Когда этот сторож заметил, что я по-прежнему, как ни в чём не бывало, продолжал работать на пекарне, он отважился зайти ко мне ещё раз. По всей видимости, у него опять было что мне рассказать. В этот вечер по телевизору ДОЛЖНЫ были ПОКАЗАТЬ очередную серию из фильма «Горец» с Кристофером Ламбертом, и я надеялся увидеть в этом фильме что-то важное для себя.

Говорить этому сторожу на этот раз было как не о чем. Ему приходилось вспоминать о чём-то, о чём можно было сказать хоть несколько слов. Он на этот раз был подвыпившим и стал отнимать у меня время ещё до начала фильма. Сторожу всё больше и больше времени нужно было для того, чтобы сказать мне о чём-то ещё. Я надеялся, что он уйдёт, когда все слова у него закончатся. Но он не уходил. Что-то его удерживало. И почти осязаемым для меня было то, что его удерживало. Я пытался понять, что же его может так удерживать. В этом фильме я НИЧЕГО важного не заметил, потому что этот сторож время от времени мешал мне его смотреть своими бессмысленными вопросами. Сторожа что-то продолжало удерживать, когда и фильм уже закончился. Когда ему уже совершенно нечего было сказать, он стал пытаться изображать на своём лице мимикой и кривляниями то, что у него не получалось сказать. Мне хотелось, чтобы он всё-таки сам ушёл.

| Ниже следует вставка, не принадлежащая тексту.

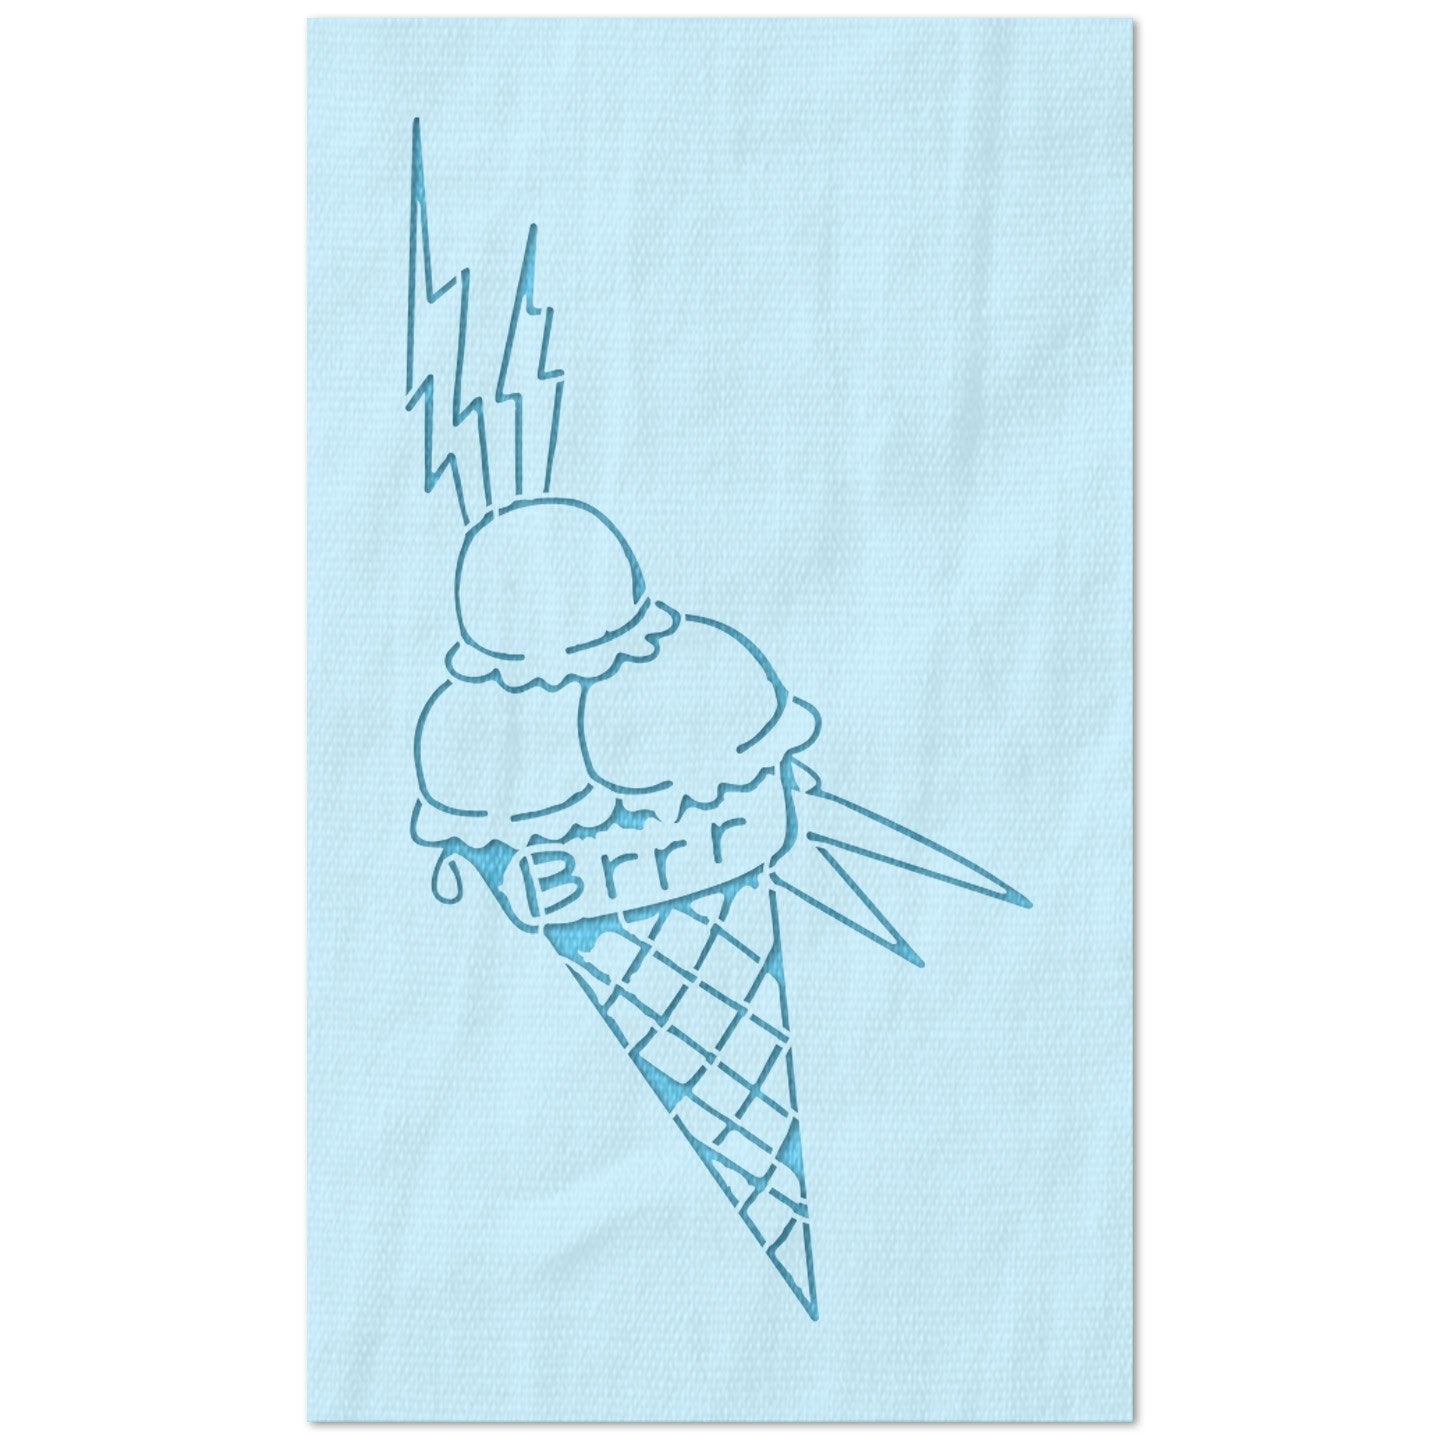 Gucci Mane Brrr Ice Cream Cone Tattoo Stencil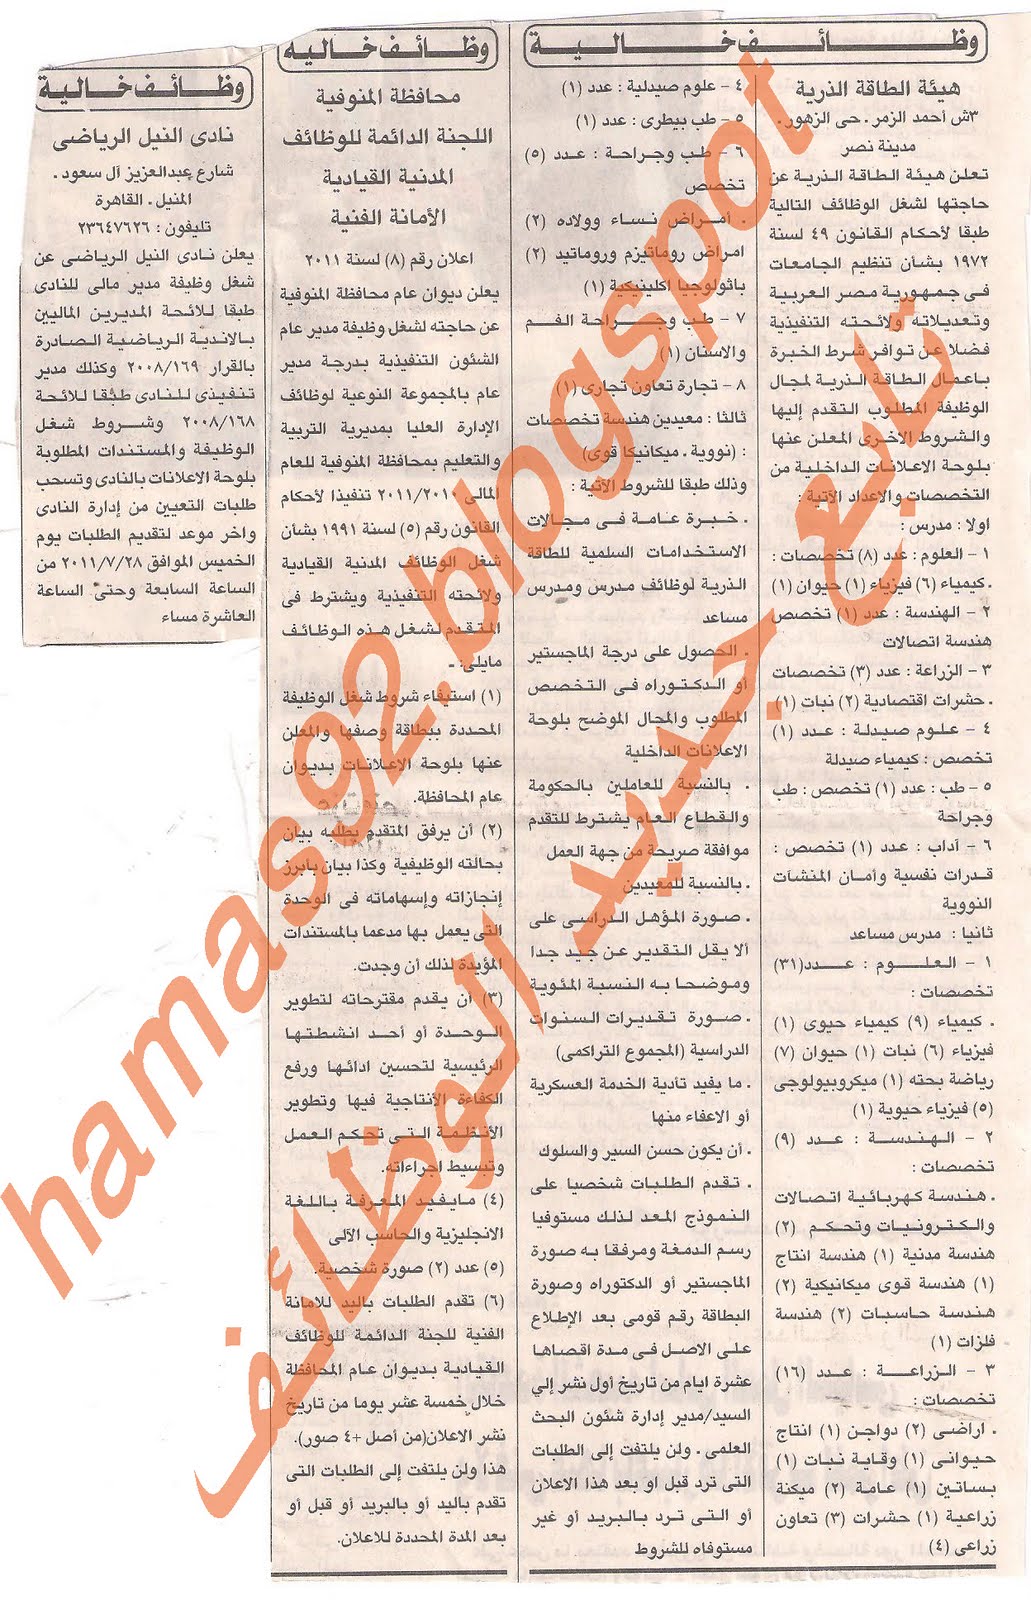 وظائف خالية من جريدة الرياض السعودية السبت 16 يوليو 2011 Picture+002

Наконец, он как вспомнил что-то и стал ПРОТЯГИВАТЬ мне небольшую пластиковую бутылку с самогоном, и так, словно на произнесение каких-то слов его уже НЕ ХВАТАЛО, а ещё через какое-то время его НЕ ХВАТИТ на то, чтобы продолжать вот так ПРОТЯГИВАТЬ мне эту четверть литровую бутылку. Бутылочка была НАПОЛНЕНА самогоном больше, чем наполовину. «Зачем она мне? … Оставь её у себя, потом допьёшь», – сказал я ему. А он продолжал молча мне её ПРОТЯГИВАТЬ. Когда я решил взять её у него, чтобы он перестал её так держать, он тут же отдёрнул от меня эту руку и ВПОЛНЕ отчётливо выругался в мой адрес. Голос был его неуверенным и сдавленным от того, что он ВПОЛНЕ понимал, что ДЕЛАЛ. Он явно не настолько был пьян, чтобы так мне ответить.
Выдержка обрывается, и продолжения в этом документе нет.